A store on Allenby Street displays a 'for rent' sign, Tel Aviv, October 14, 2020.Credit: Tomer Appelbaum

Moreover, for the first time, more than a fifth of the new job-seekers in September were under 24 (20.5 percent). People in that age group constituted only 17.1 percent of the newly unemployed during the first lockdown in March.

Altogether, 205,000 people joined the ranks of the unemployed in September – the highest number since March, when 850,000 people did. For every person who resumed working in September, 8.1 people lost their jobs.

Yet even in July and August, the number of newly unemployed exceeded the number who returned to work, albeit by much smaller margins.

As of the end of September, the total number of unemployed stood at 944,500, up 20.9 percent from 781,300 at the end of August. Of that total, 64.9 percent, or 612,000 people, are on unpaid leave.

Employment Service officials attributed the high number of women who lost their jobs in September to the shutdown of the school system and the service industry, both fields where women outnumber men. Another reason may be that with schools and preschools closed, many women had to stay home to watch their children, while men were more focused on keeping their jobs.

People under 35 accounted for 49.5 percent of the newly unemployed in September, similar to the proportion in March (47 percent). This may be because many younger people work in retailing or restaurants – two industries that together accounted for one eighth of September’s unemployed.

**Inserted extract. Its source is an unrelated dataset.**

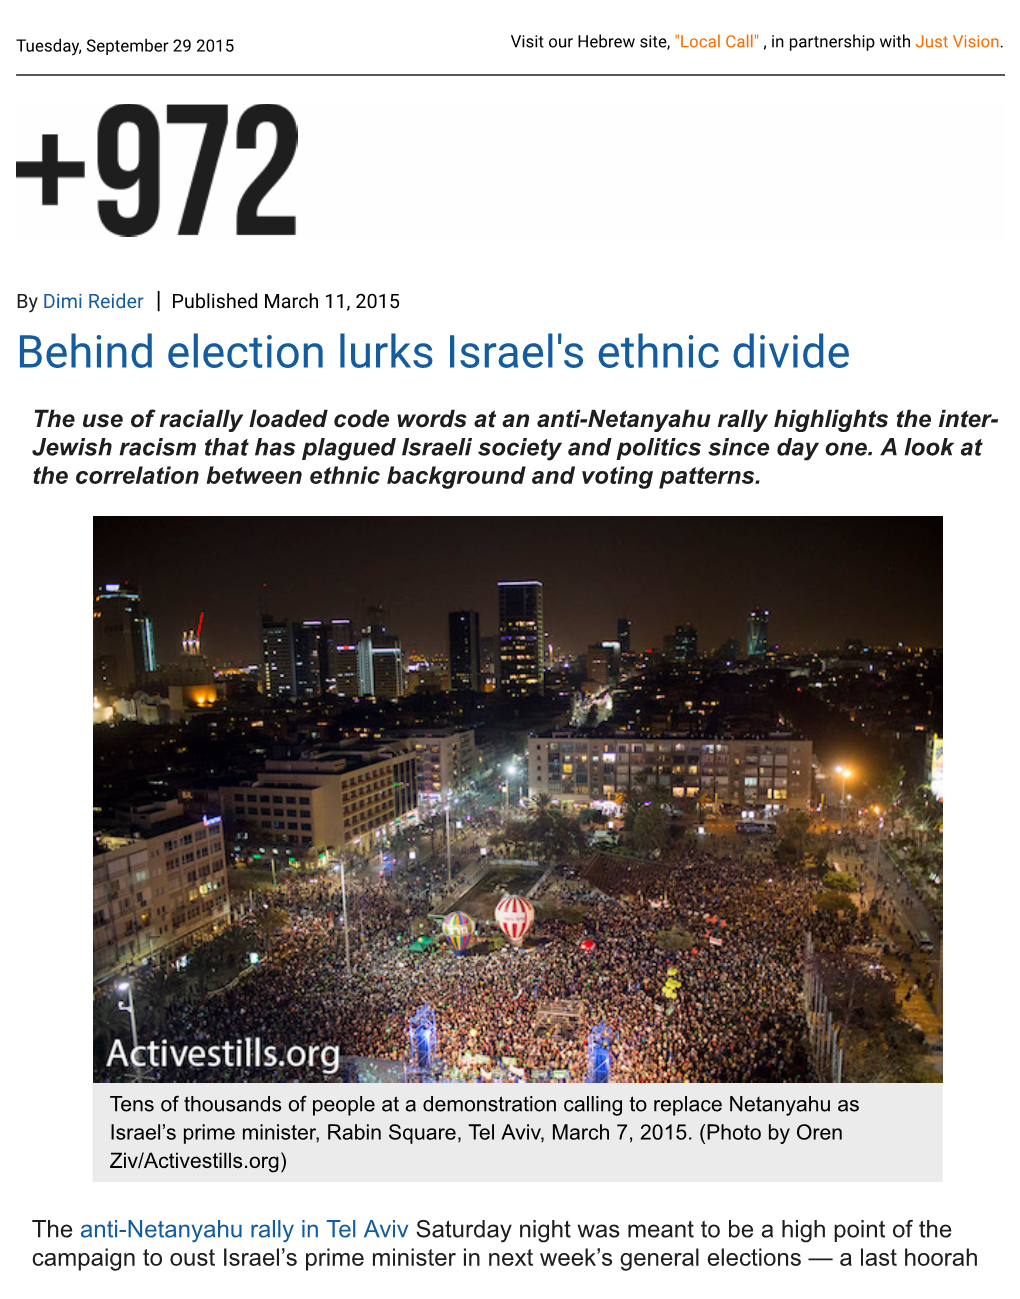 Behind Election Lurks Israel's Ethnic Divide

People in this age group also constituted only 46.8 percent of those who returned to work in September, down from 55.8 percent in August.

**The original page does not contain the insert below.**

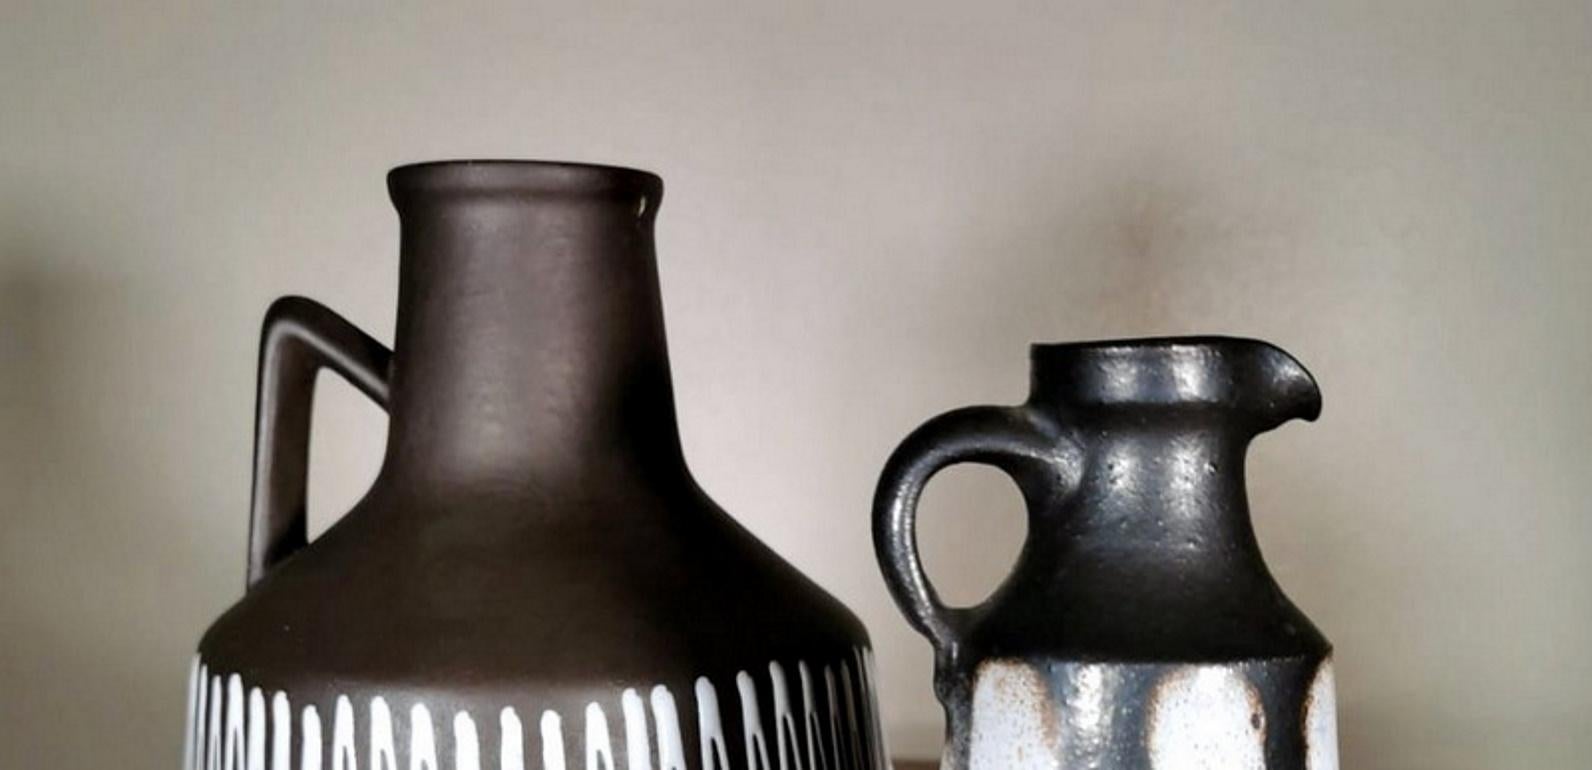 Fired Elma Keramik Pair of Ceramic Jugs, Germany

But during the months between the two lockdowns, people 55 and older had the lowest rate of returning to work. That raises fears that older workers will also have trouble returning to work after the second lockdown.

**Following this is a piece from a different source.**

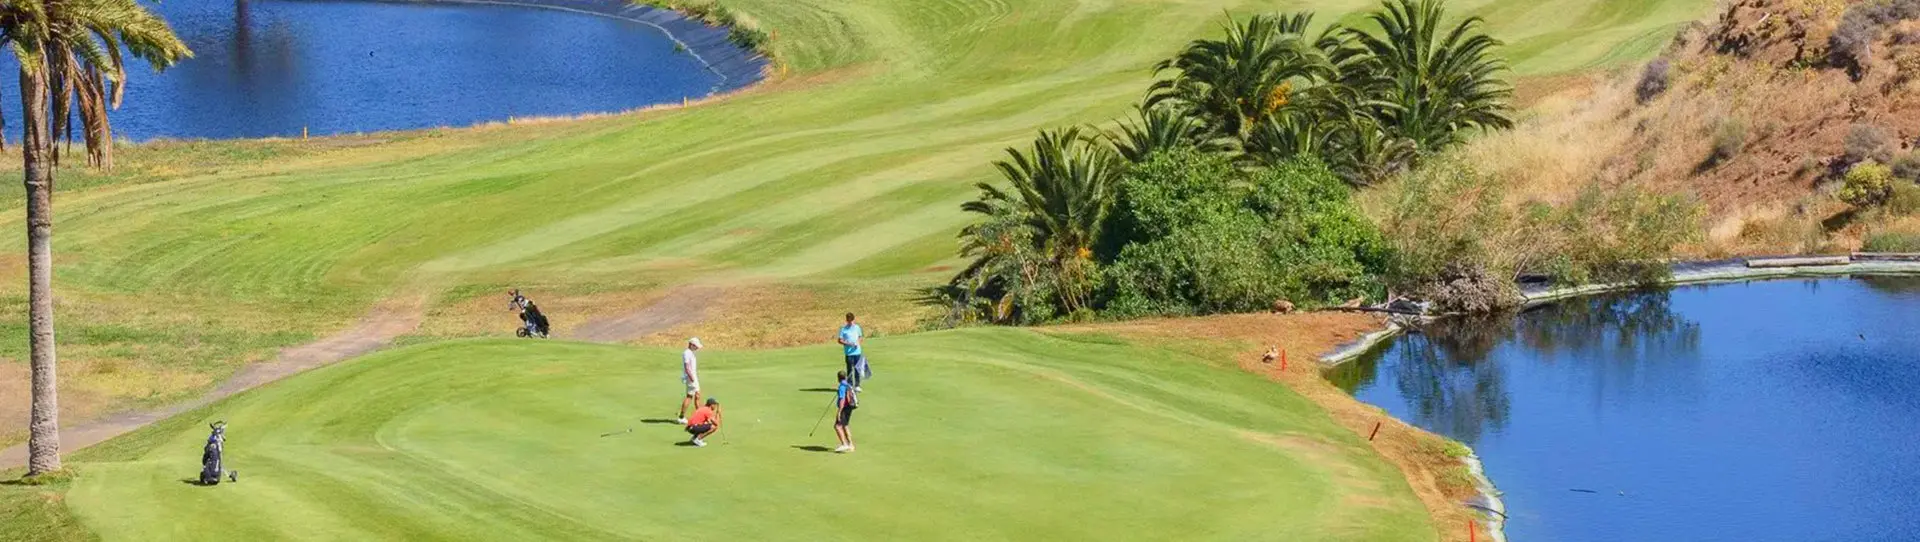 Spain golf courses - El Cortijo Club de Campo - Photo 3

The city with the biggest jump in unemployment as of September was Eilat, where the rate skyrocketed to 39.3 percent from 16.6 percent in August. This was mainly because the lockdown shut down its tourism industry.

The only city with an unemployment rate higher than Eilat’s last month was Betar Ilit (40.5 percent). Other cities with particularly high unemployment rates included Modi’in Ilit, Bnei Brak, Umm al-Fahm, Beit Shemesh, Jerusalem, Rahat and Bat Yam. All but the last have high ultra-Orthodox and/or Arab populations.

Retail and service workers were particularly hard hit in September, with 35.4 percent losing their jobs, up from 27 percent during the first lockdown in March. Managers also lost their jobs at a higher rate than during the first lockdown – nine percent.

The Employment Service said while many of the newly unemployed will return to work once the lockdown ends, those who don’t – and especially those who have been out of work since March – are likely to join the ranks of the long-term unemployed.

The service’s director general, Rami Garor said that to reduce this problem, Israel should adopt a model of paying employers to retain workers, like Germany and Canada did.